Answer to Problem 32AP

The angle of reflection is same as the angle of incidence and the of angle of refraction for rays coming up to the interface through the glass will increase up to angle of incidence $40°$, after that total internal reflection will occur and there will be no refraction.

The table for angle of reflection and angle of refraction for all angles of incidence at $10.0°$ intervals from $0°$ to $90°$ for rays coming up to the interface through the glass is,

Angle of incidence( $°$) ( $i$)	Angle of reflection( $°$)	Angle of refraction( $°$) $={\sin }^{-1}\left(1.55\times \sin i\right)$
$0$	$0$	$0$
$10$	$10$	$15.6°$
$20$	$20$	$32°$
$30$	$30$	$50.8°$
$40$	$40$	$85°$
$50$	$50$	$\text{No Refraction}$
$60$	$60$	$\text{No Refraction}$
$70$	$70$	$\text{No Refraction}$
$80$	$80$	$\text{No Refraction}$
$90$	$90$	$\text{No Refraction}$

Explanation of Solution

From, the law of reflection, angle of reflection is equal to the angle of incidence. So, for all value of angles between $0°$ to $90°$ the angle of incidence and angle of reflection are equal.
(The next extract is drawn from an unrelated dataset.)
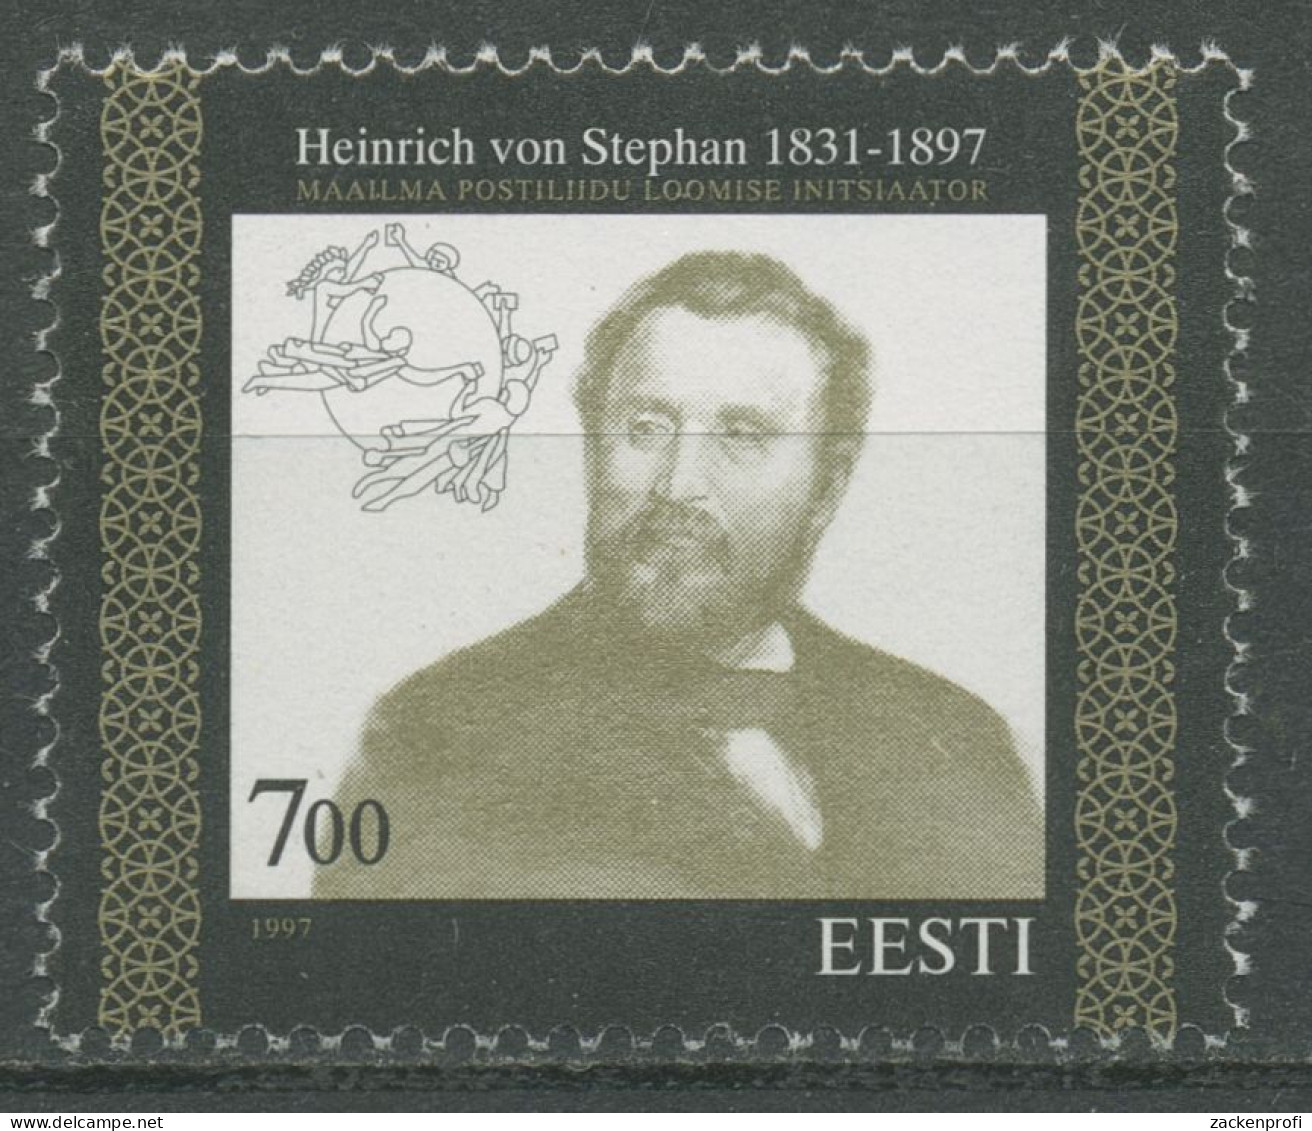 Estland 1997 Weltpostverein UPU Heinrich V. Stephan 300 Postfrisch - Estonia

The formula to calculate the angle of refraction is,

From, Snell’s law,

$n_1\sin {\theta }_1=n_2\sin {\theta }_2$ (4)

Substitute $1.55$ for $n_1$, and $1$ for $n_2$, $10°$ for ${\theta }_1$, in equation (4) to calculate ${\theta }_2$.

$\begin{array}{c}1.55\times \sin 10°=1\times \sin {\theta }_2\\ \sin {\theta }_2=1.55\times 0.1736\\ {\theta }_2={\sin }^{-1}\left(1.55\times 0.1736\right)\\ =15.6°\end{array}$.

Substitute $1.55$ for $n_1$, and $1$ for $n_2$, $20°$ for ${\theta }_1$, in equation (4) to calculate ${\theta }_2$.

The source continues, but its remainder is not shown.